As for the shoulder injury that forced him to miss most of last season, he is doing well and has recovered fully. He has complete mobility and flexibility with no lingering pain or side effects. He is able to lift and run fine, too.

Lyons has a nice stride and "runs hard." He cuts well and is expected to be solid on crossing routes. He runs well for his size and is nimble all around. He displayed consistency on receptions early last year, prior to his injury, and was impressive enough to see some action.

Again, he is not the flat-out fastest guy, but he is toward the top of the speed rankings. He has enough quickness coupled with his size to be dangerous.

Several observers believe he will end up as the backup tight end to Isaac Smolko heading into and coming out of the spring sessions. He is also expected to play special teams, as well as play the second tight end in two-TE sets. We'll see, but the all-around comments on Lyons have been positive.

Rich Ohrnberger:

This past year on the forieng team, Ohrnberger's strength made him impressive on pass-rushing situations with a consistent ability to wedge himself into the line and disrupt the pocket. On all-around fundamentals he pretty good, with consistent technique off the blocks and the power to apply pressure on the pocket.

At 6-foot-2, 275 pounds he is said to have a "odd size" given that he is a few inches shorter than most of the defensive ends yet outweighs many them by a good 10 to 15 pounds.

On the other hand, if you were to look at him as an offensive tackle he's about three to four inches shorter than most tackles and 10 to 15 pounds lighter. Hence, the "odd" comment about his size.

It is unclear whether he ends up on the offensive or defensive line, although he is penciled in at defensive end currently.
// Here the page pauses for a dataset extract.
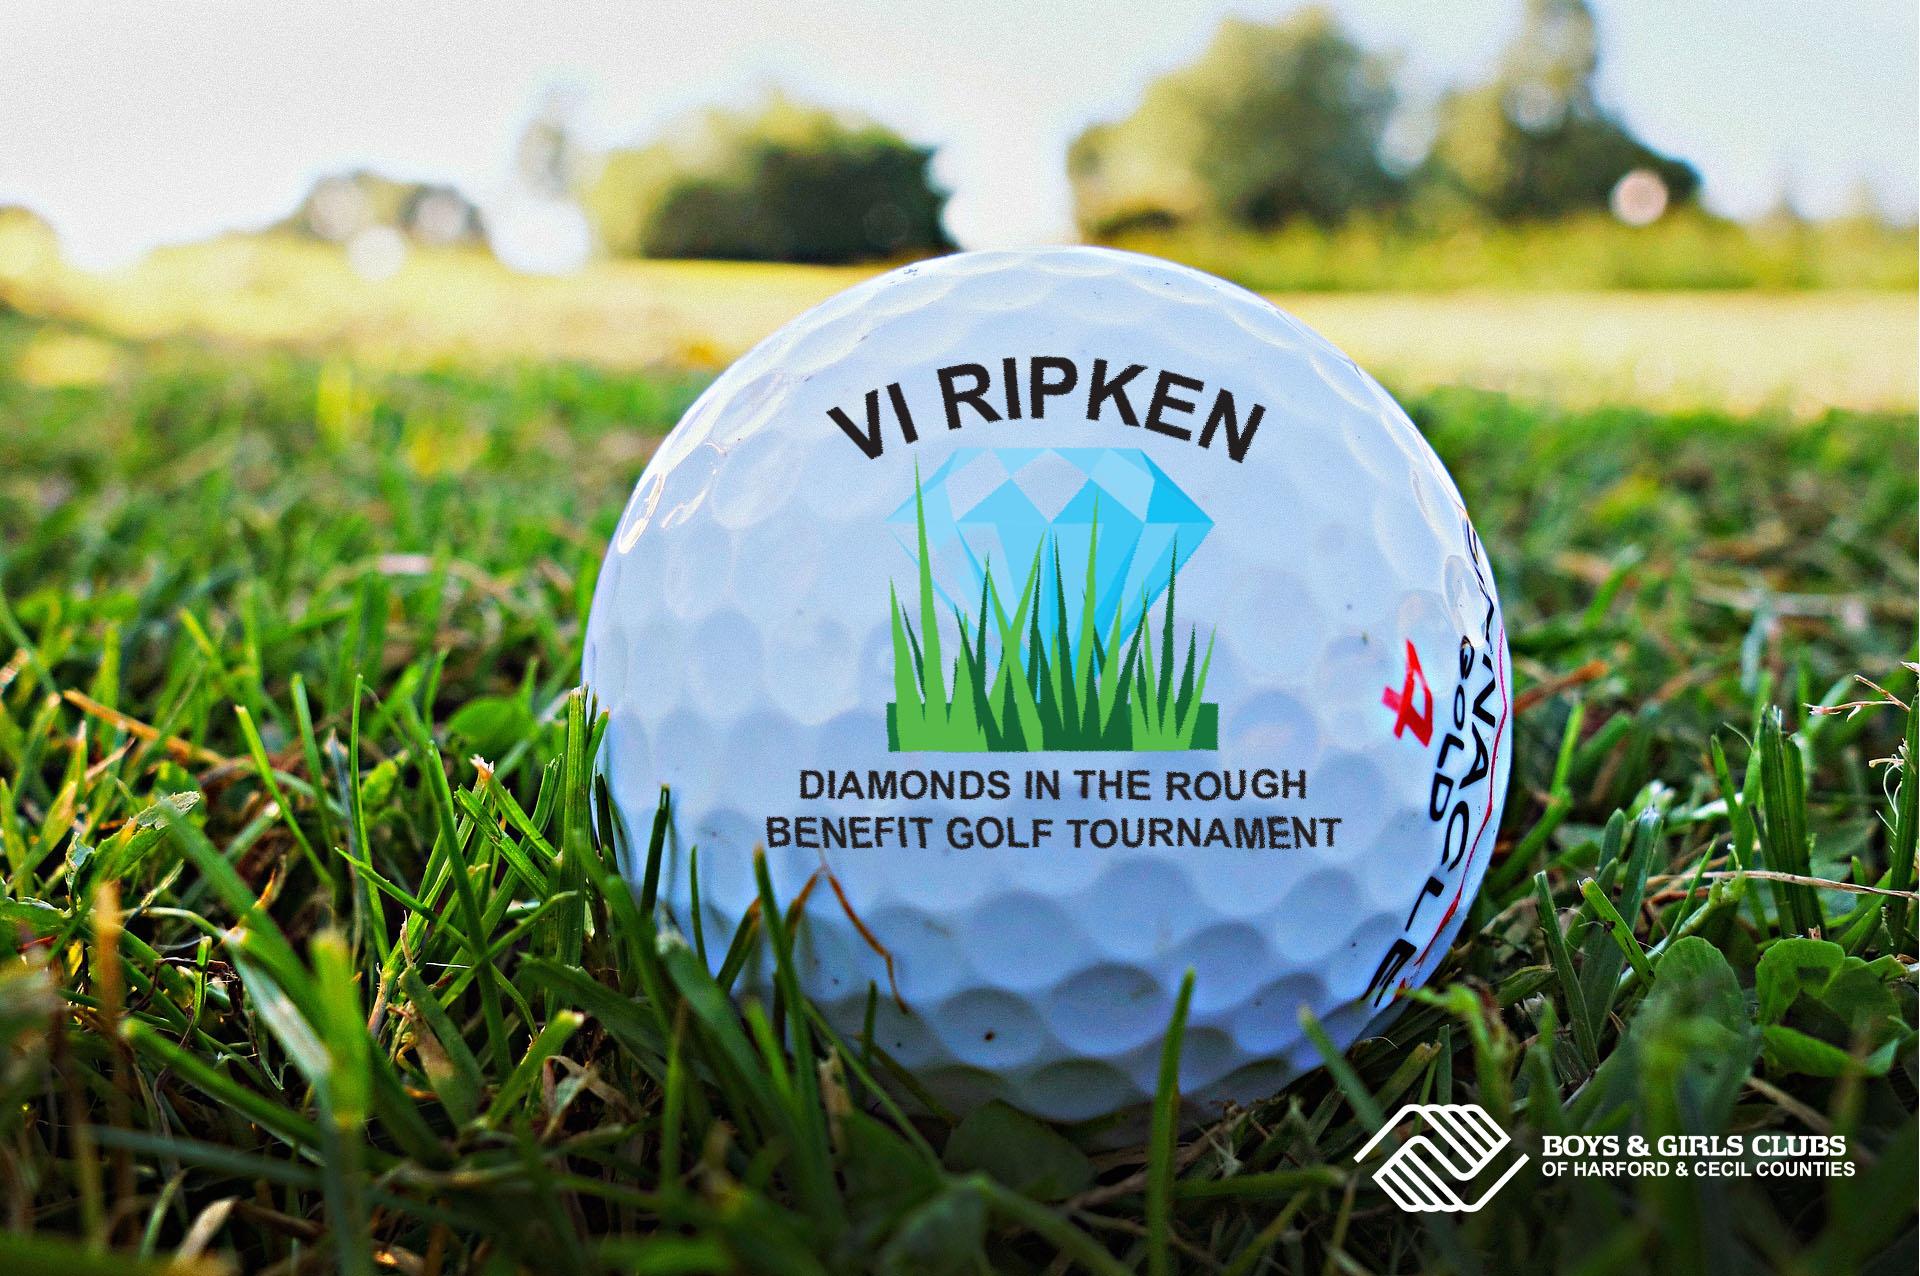 21st Annual Vi Ripken Diamonds in the Rough Benefit Golf Tournament

He saw snaps on both lines last season, but like A.Q. Shipley was more energized about playing defense than offense.

He has a solid package to work with, but needs to "unleash his aggression to get the most out of his abilities." He has the power to be "great" on either side of the ball.

Justin King:

King's speed has been "amazing" and "consistent." He is quick off the blocks and was recently hand-timed in the 40 at 4.3 seconds. His speed has not disappointed observers who were admittedly skeptical of the hype. He has a strong, powerful stride and "runs with confidence." The concerns about his speed circle around his ability to control it. Folks just want to see him handle it consistently in game speed situations.

Although his size (not height) is a concern for some, others feel that his 6-foot, 170-pound frame, coupled with his speed is a solid combination, adequate enough currently to be an effective corner. Although he has a excellent tone to his physique his overall upper body build is considered to be smaller, but he has the frame to "add to his upper body".

His strength needs improvement overall. His legs are in "good strong shape," but his upper body needs work this offseason to handle the CB position effectively. He needs to work on his arms, shoulders and chest to help him in coverage to handle the pushback from his assignments.

Chris Harrell:

As you may recall, he suffered a neck injury last spring and was redshirted for the 2004 season. This past season and early into the winter the staff was watching him closely and monitoring his progress, and he had no issues. They have "ramped him up to full sets" with his workouts and he is "100 percent and drilling well."

He has good strength and mobility with his neck and shoulders and with no limits on his conditioning or drills. Origninally there was concern that although the injury's pain subsided, that his mobility with his arms and shoulders on strides would be limited. Fortunately, the trainers have found no evidence of this.

There was also concern over whether his speed would suffer due to his reduced training for a good three months. Harrell's speed is "as expected if he hadn't been sidelined." His most recent 40 had him at a "hair over 4.5 seconds."

He is not quite as fast as Alan Zemaitis, but "close."

Harrell "looks comfortable out there" and "is as aggressive as ever." Although the secondary won't see conact for a few weeks, he is anxious to get back to making hits. The staff too wants to see how he does in pads and then with contect. The concern around Harrell is that he manges his aggression and "eases his way back into things."